Permission is hereby granted, free of charge, to any person obtaining a copy of this software and associated documentation files (the "Software"), to deal in the Software without restriction, including without limitation the rights to use, copy, modify, merge, publish, distribute, sublicense, and/or sell copies of the Software, and to permit persons to whom the Software is furnished to do so, subject to the following conditions:

The above copyright notice and this permission notice shall be included in all copies or substantial portions of the Software.

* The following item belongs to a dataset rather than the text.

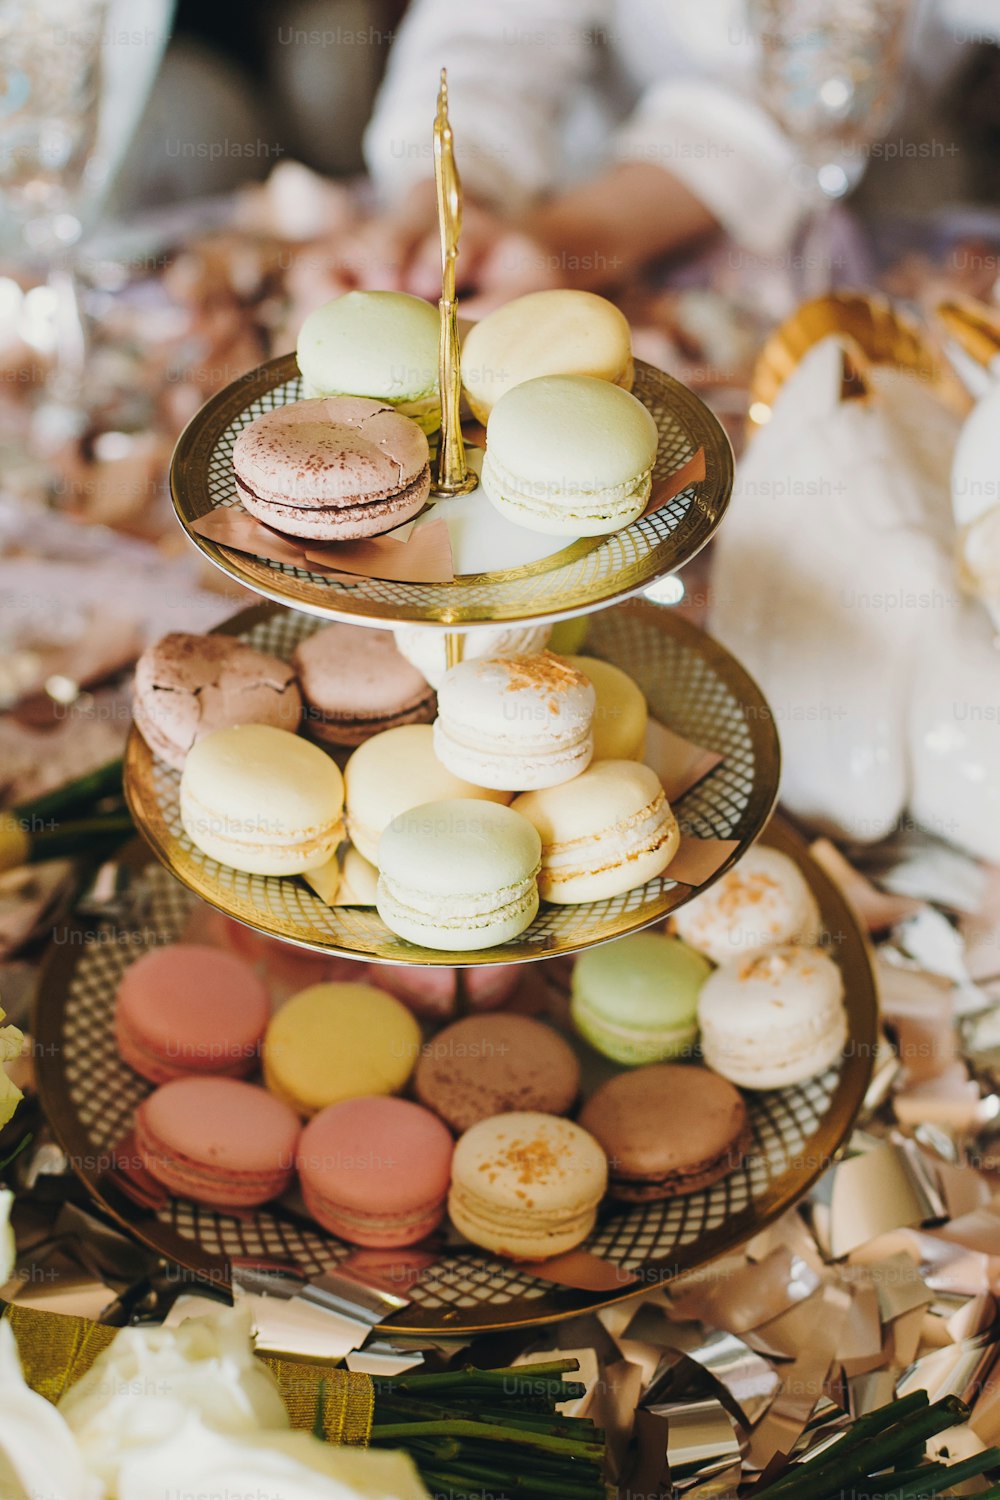 Deliciosos macarons de colores en un hermoso soporte vintage con adornos dorados sobre la mesa con confeti dorado y plateado. Catering de lujo. Despedida de soltera o baby shower. Macarrones de postre francés

THE SOFTWARE IS PROVIDED "AS IS", WITHOUT WARRANTY OF ANY KIND, EXPRESS OR IMPLIED, INCLUDING BUT NOT LIMITED TO THE WARRANTIES OF MERCHANTABILITY, FITNESS FOR A PARTICULAR PURPOSE AND NONINFRINGEMENT. IN NO EVENT SHALL THE AUTHORS OR COPYRIGHT HOLDERS BE LIABLE FOR ANY CLAIM, DAMAGES OR OTHER LIABILITY, WHETHER IN AN ACTION OF CONTRACT, TORT OR OTHERWISE, ARISING FROM, OUT OF OR IN CONNECTION WITH THE SOFTWARE OR THE USE OR OTHER DEALINGS IN THE SOFTWARE.